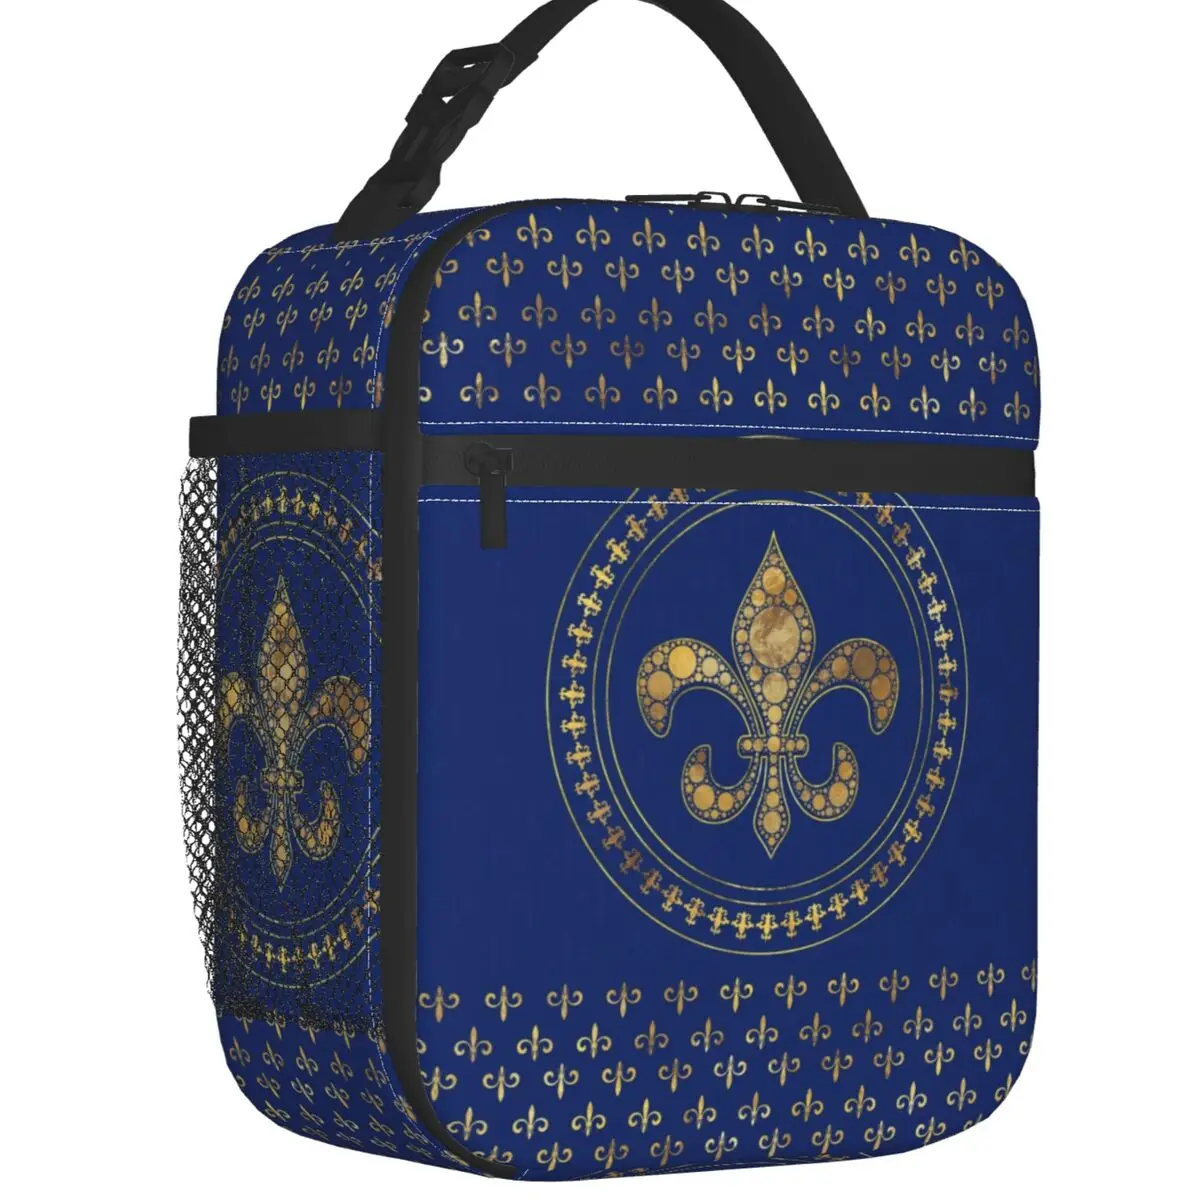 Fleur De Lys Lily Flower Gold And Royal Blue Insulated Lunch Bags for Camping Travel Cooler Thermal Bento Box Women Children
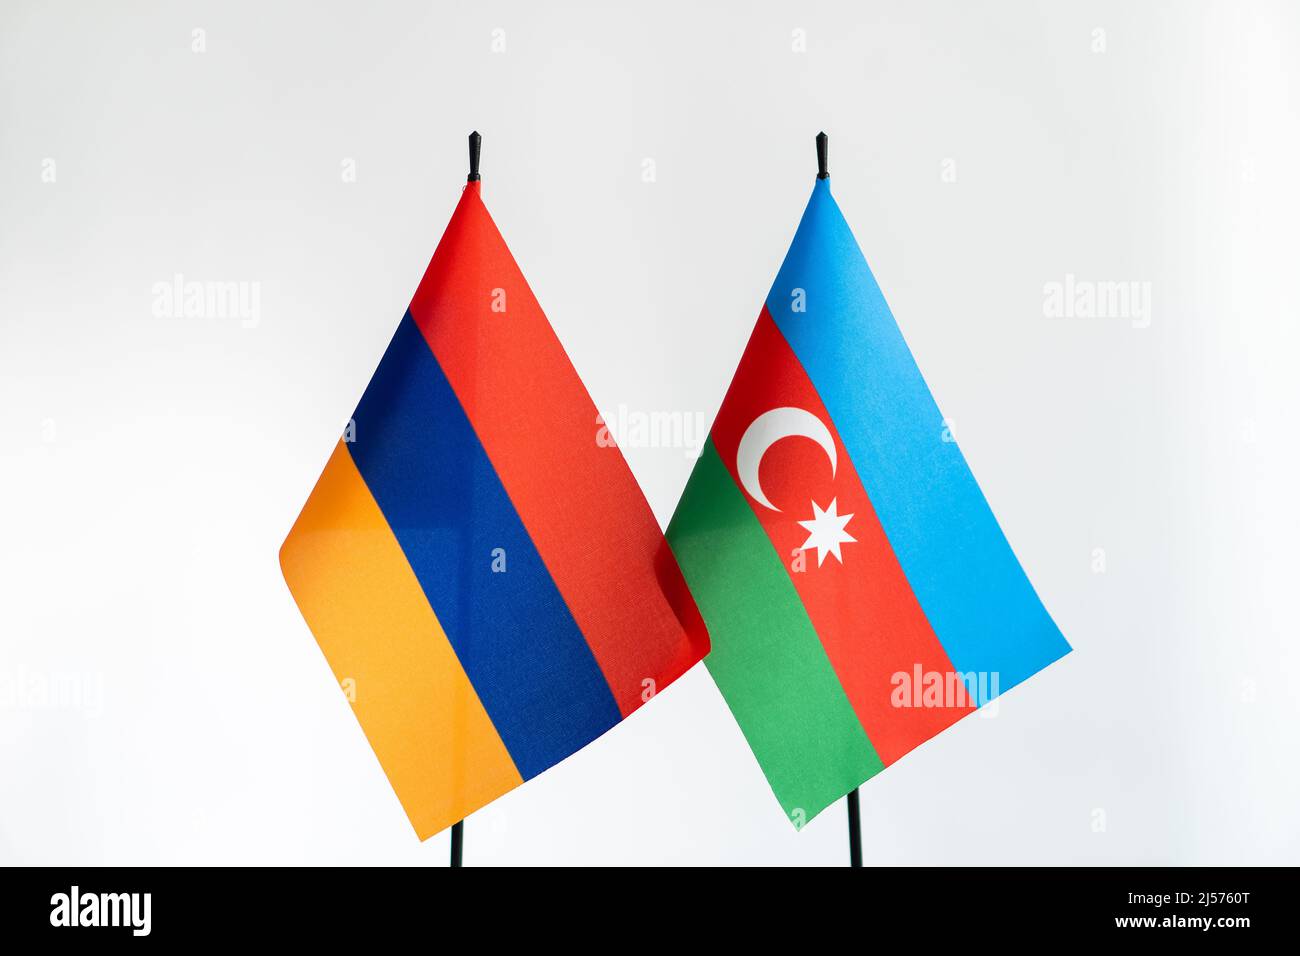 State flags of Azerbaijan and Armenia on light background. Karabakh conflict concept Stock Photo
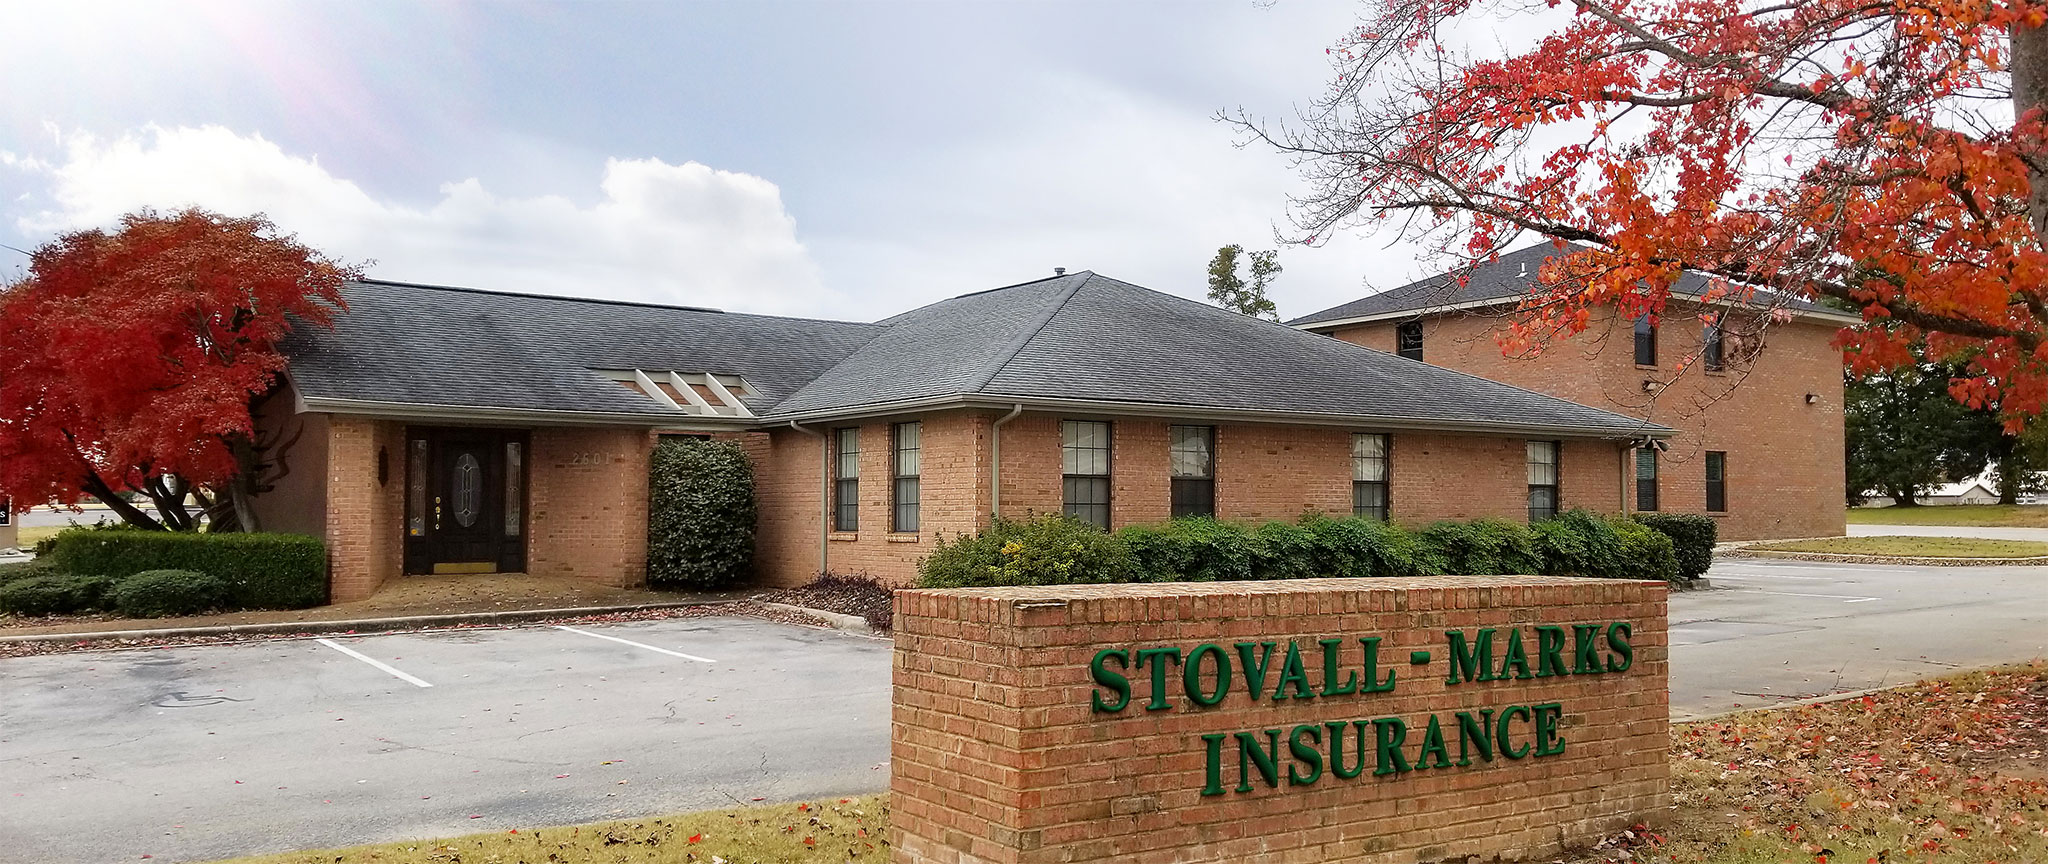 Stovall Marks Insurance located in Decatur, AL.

Task description: Each line of the data above should be reproduced without alteration, and no picture should appear in the copy.

Answer for the task:
 Fleur De Lys Lily Flower Gold And Royal Blue Insulated Lunch Bags for Camping Travel Cooler Thermal Bento Box Women Children
 State flags of Azerbaijan and Armenia on light background. Karabakh conflict concept Stock Photo
 Stovall Marks Insurance located in Decatur, AL.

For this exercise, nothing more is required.